Data provided below:

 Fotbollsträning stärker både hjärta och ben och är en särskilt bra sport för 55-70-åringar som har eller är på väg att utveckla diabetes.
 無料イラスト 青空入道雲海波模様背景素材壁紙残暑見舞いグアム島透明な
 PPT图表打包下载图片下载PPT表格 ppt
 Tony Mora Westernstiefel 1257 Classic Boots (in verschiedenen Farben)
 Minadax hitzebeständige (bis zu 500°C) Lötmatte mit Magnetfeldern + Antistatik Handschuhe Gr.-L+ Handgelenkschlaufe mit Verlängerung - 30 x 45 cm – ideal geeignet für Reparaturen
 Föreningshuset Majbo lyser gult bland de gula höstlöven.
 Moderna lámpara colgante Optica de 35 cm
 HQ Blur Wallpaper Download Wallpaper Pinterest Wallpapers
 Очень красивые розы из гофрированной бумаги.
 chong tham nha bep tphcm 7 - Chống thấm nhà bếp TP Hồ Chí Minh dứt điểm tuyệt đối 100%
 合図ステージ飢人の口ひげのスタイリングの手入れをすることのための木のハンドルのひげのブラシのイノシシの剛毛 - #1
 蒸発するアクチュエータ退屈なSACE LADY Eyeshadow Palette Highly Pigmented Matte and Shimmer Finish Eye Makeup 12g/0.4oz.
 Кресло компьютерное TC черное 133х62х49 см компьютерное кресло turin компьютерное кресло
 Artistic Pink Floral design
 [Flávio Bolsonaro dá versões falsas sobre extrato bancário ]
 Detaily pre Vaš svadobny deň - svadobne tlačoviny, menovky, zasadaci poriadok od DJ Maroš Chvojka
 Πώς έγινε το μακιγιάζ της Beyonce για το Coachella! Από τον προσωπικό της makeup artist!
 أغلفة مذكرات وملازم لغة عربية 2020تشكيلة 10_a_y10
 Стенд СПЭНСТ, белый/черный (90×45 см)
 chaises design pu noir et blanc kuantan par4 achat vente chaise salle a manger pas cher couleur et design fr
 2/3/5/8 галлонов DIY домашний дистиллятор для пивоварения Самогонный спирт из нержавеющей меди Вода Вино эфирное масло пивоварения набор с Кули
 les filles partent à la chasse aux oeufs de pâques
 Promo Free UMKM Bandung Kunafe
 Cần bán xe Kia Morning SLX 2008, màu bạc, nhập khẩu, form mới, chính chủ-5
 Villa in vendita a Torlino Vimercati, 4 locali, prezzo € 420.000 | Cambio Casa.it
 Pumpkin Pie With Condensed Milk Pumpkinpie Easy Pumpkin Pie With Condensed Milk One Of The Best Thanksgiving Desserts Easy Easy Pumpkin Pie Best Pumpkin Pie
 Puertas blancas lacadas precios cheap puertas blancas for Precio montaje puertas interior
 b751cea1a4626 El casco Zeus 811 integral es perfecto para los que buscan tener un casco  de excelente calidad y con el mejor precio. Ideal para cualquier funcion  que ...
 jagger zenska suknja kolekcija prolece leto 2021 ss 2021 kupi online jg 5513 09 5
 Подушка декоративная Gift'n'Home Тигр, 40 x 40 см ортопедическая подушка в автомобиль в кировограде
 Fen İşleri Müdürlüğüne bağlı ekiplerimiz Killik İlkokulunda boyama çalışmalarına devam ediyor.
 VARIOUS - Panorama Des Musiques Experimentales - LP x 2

End of Data provided.

» Brief: Retype the whole listing, matching it exactly.

» The completed task:
 Fotbollsträning stärker både hjärta och ben och är en särskilt bra sport för 55-70-åringar som har eller är på väg att utveckla diabetes.
 無料イラスト 青空入道雲海波模様背景素材壁紙残暑見舞いグアム島透明な
 PPT图表打包下载图片下载PPT表格 ppt
 Tony Mora Westernstiefel 1257 Classic Boots (in verschiedenen Farben)
 Minadax hitzebeständige (bis zu 500°C) Lötmatte mit Magnetfeldern + Antistatik Handschuhe Gr.-L+ Handgelenkschlaufe mit Verlängerung - 30 x 45 cm – ideal geeignet für Reparaturen
 Föreningshuset Majbo lyser gult bland de gula höstlöven.
 Moderna lámpara colgante Optica de 35 cm
 HQ Blur Wallpaper Download Wallpaper Pinterest Wallpapers
 Очень красивые розы из гофрированной бумаги.
 chong tham nha bep tphcm 7 - Chống thấm nhà bếp TP Hồ Chí Minh dứt điểm tuyệt đối 100%
 合図ステージ飢人の口ひげのスタイリングの手入れをすることのための木のハンドルのひげのブラシのイノシシの剛毛 - #1
 蒸発するアクチュエータ退屈なSACE LADY Eyeshadow Palette Highly Pigmented Matte and Shimmer Finish Eye Makeup 12g/0.4oz.
 Кресло компьютерное TC черное 133х62х49 см компьютерное кресло turin компьютерное кресло
 Artistic Pink Floral design
 [Flávio Bolsonaro dá versões falsas sobre extrato bancário ]
 Detaily pre Vaš svadobny deň - svadobne tlačoviny, menovky, zasadaci poriadok od DJ Maroš Chvojka
 Πώς έγινε το μακιγιάζ της Beyonce για το Coachella! Από τον προσωπικό της makeup artist!
 أغلفة مذكرات وملازم لغة عربية 2020تشكيلة 10_a_y10
 Стенд СПЭНСТ, белый/черный (90×45 см)
 chaises design pu noir et blanc kuantan par4 achat vente chaise salle a manger pas cher couleur et design fr
 2/3/5/8 галлонов DIY домашний дистиллятор для пивоварения Самогонный спирт из нержавеющей меди Вода Вино эфирное масло пивоварения набор с Кули
 les filles partent à la chasse aux oeufs de pâques
 Promo Free UMKM Bandung Kunafe
 Cần bán xe Kia Morning SLX 2008, màu bạc, nhập khẩu, form mới, chính chủ-5
 Villa in vendita a Torlino Vimercati, 4 locali, prezzo € 420.000 | Cambio Casa.it
 Pumpkin Pie With Condensed Milk Pumpkinpie Easy Pumpkin Pie With Condensed Milk One Of The Best Thanksgiving Desserts Easy Easy Pumpkin Pie Best Pumpkin Pie
 Puertas blancas lacadas precios cheap puertas blancas for Precio montaje puertas interior
 b751cea1a4626 El casco Zeus 811 integral es perfecto para los que buscan tener un casco  de excelente calidad y con el mejor precio. Ideal para cualquier funcion  que ...
 jagger zenska suknja kolekcija prolece leto 2021 ss 2021 kupi online jg 5513 09 5
 Подушка декоративная Gift'n'Home Тигр, 40 x 40 см ортопедическая подушка в автомобиль в кировограде
 Fen İşleri Müdürlüğüne bağlı ekiplerimiz Killik İlkokulunda boyama çalışmalarına devam ediyor.
 VARIOUS - Panorama Des Musiques Experimentales - LP x 2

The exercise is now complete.